In response to questions from KFF Health News, Scott Gilbert, a spokesperson for the well being system, didn’t reply to the specifics of this case, however wrote: “Penn State Health recognizes that health care billing can be confusing and often overwhelming for patients. The process involves many factors, including the type of care provided, where it’s delivered and the details of a patient’s insurance coverage.”
A ‘Reasonable’ Price?
After a reporter despatched a number of inquiries to Intermountain Health, McCullick stated an agent requested him what can be “a reasonable amount to resolve the situation.”
Sara Quale, a spokesperson for Good Samaritan Hospital, the Intermountain affiliate the place he acquired the PET scan, wrote: “We sincerely regret the frustration this situation has caused Mr. McCullick,” noting that “we have been in consistent contact with him and will continue to follow up as needed.”
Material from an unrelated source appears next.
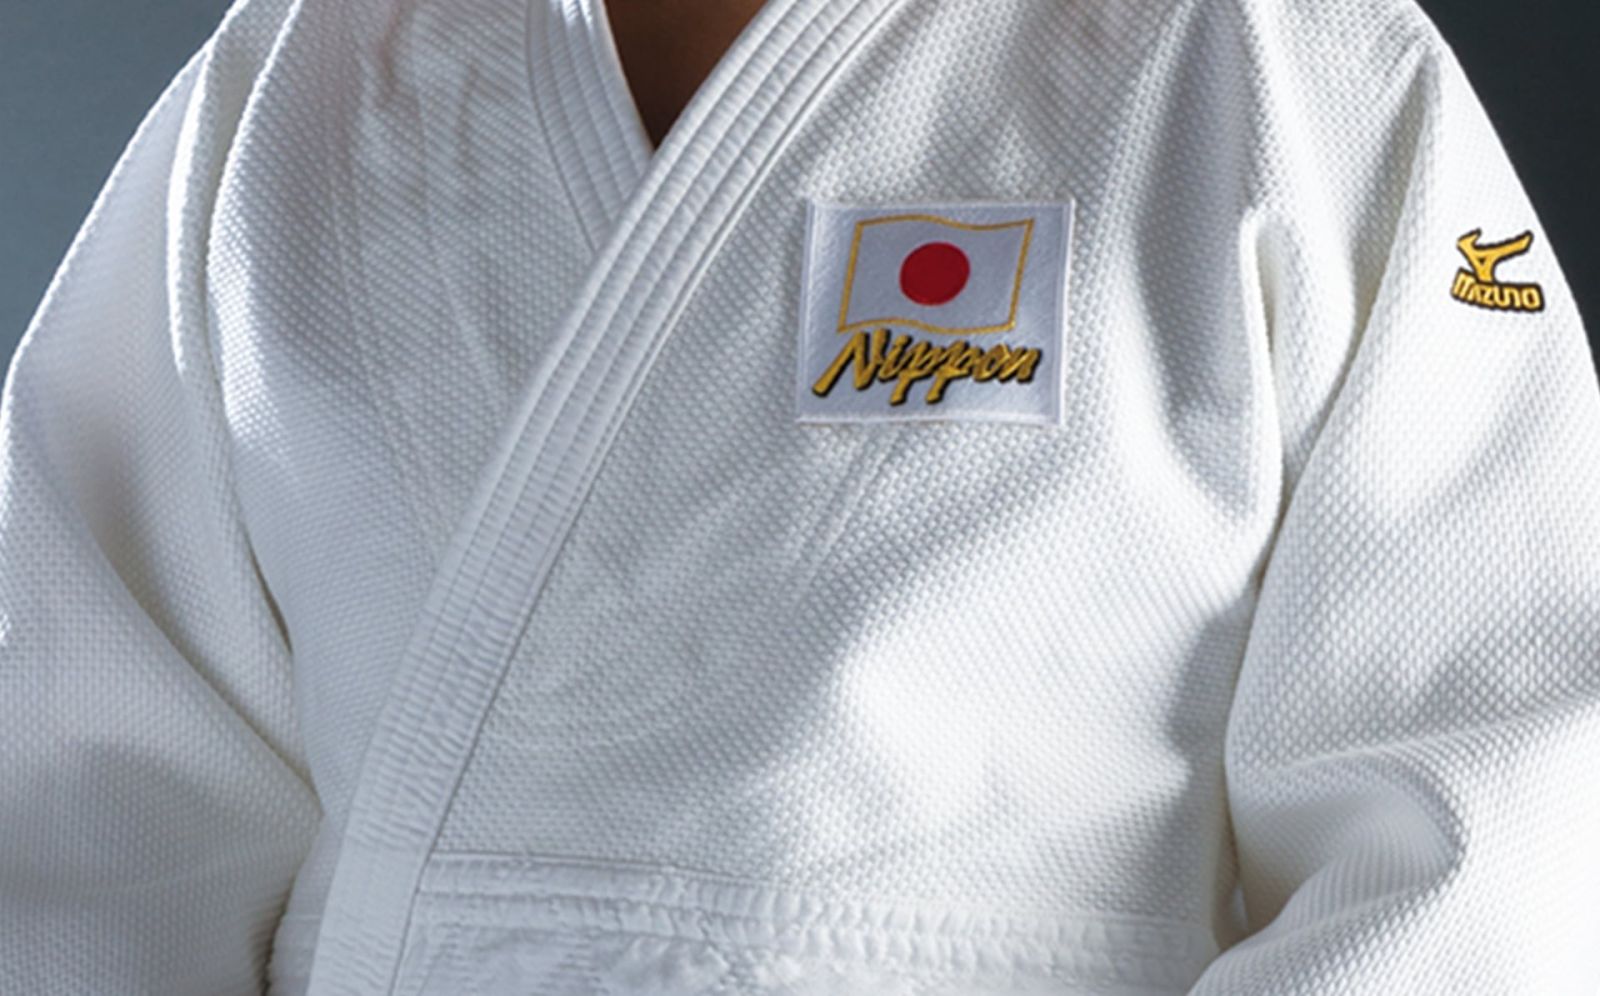 Mizuno Judo Gi - The Worlds Best Judo uniforms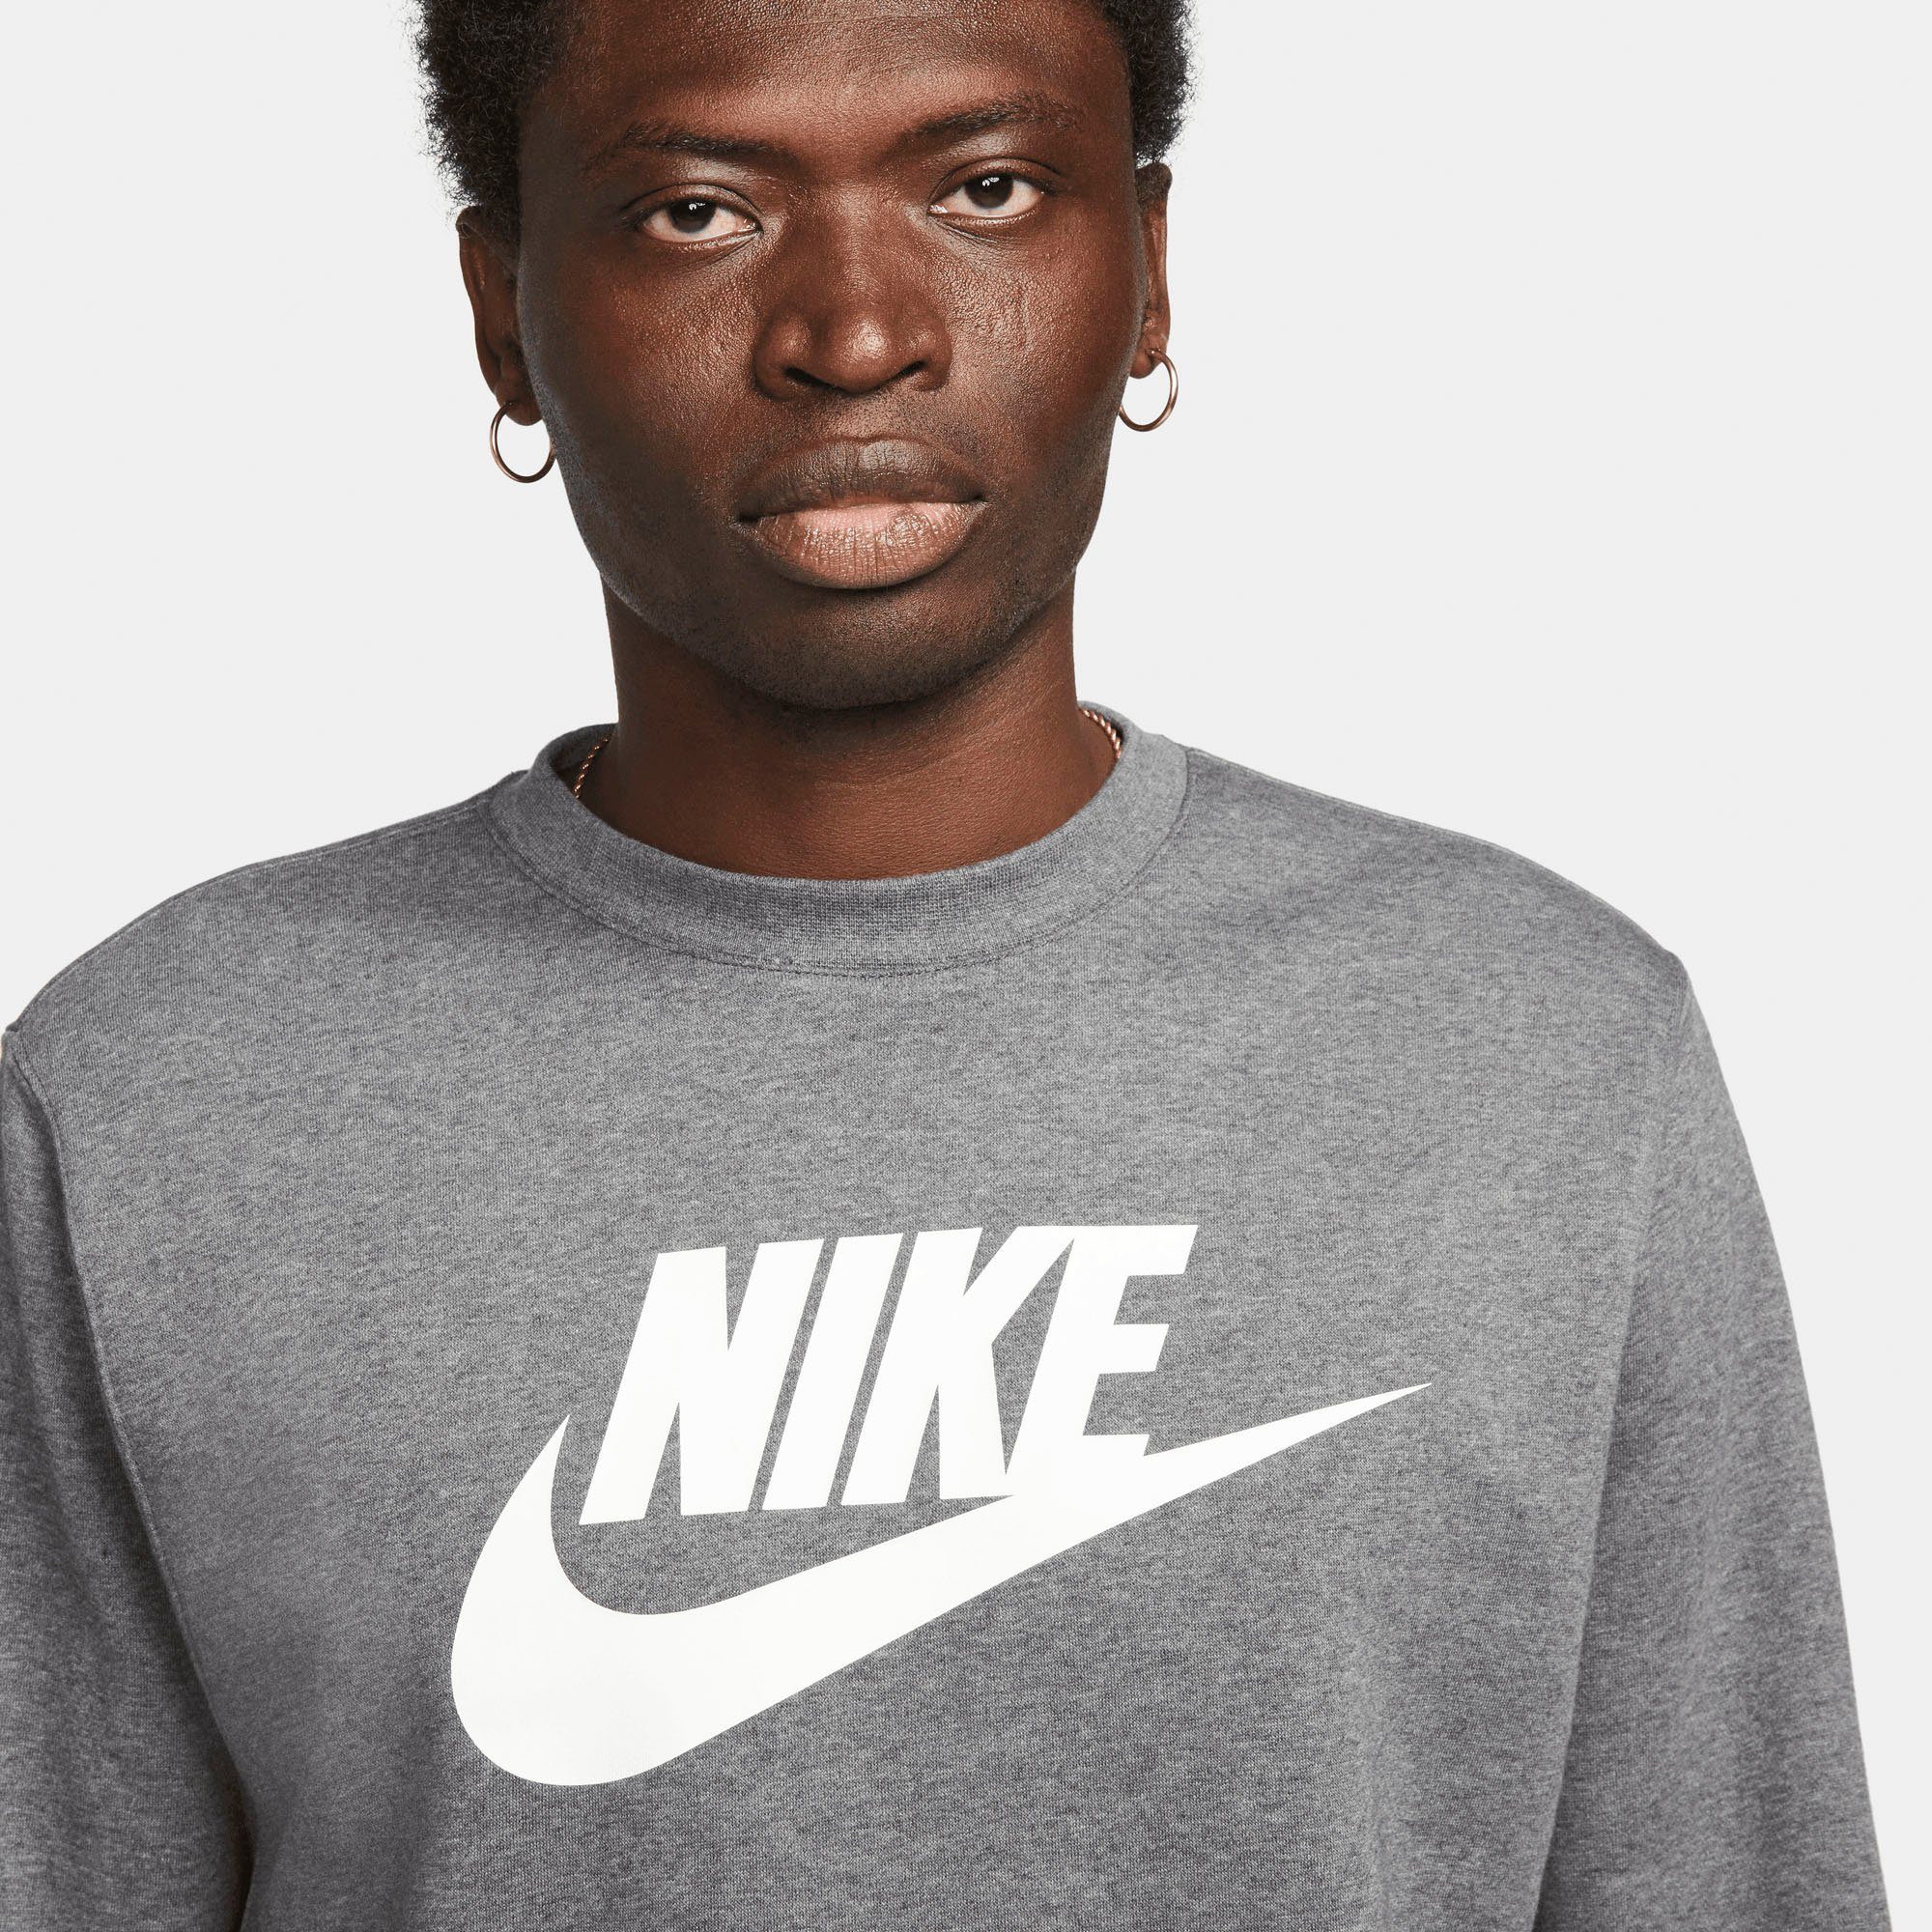 Nike Sportswear Sweatshirt Club Fleece Men's CHARCOAL Crew HEATHR Graphic

McCullick stated he desires to pay his justifiable share however remains to be making an attempt to determine what that’s — definitely lower than the completely different self-pay costs he’s been supplied, which all high $10,000. “The fluid nature of these numbers is mind blowing,” he wrote in an electronic mail.
As for Estrada, he was so offended that he determined to not go forward with the nerve ablation. While he was being prepped for the process, Estrada recalled, the doctor stated he had “heard he might sue” and chastised him for being a troublemaker. The hospital didn’t reply to a request for touch upon the allegations, and Estrada stated he had by no means threatened authorized motion.
Estrada acquired off the desk and put his shirt again on. “I’m not going to let this person put a big needle into my back.”
Bill of the Month is a crowdsourced investigation by KFF Health News and The Washington Post’s Well+Being that dissects and explains medical payments. Since 2018, this collection has helped many sufferers and readers get their medical payments diminished, and it has been cited in statehouses, on the U.S. Capitol, and on the White House. Do you’ve a complicated or outrageous medical invoice you need to share? Tell us about it!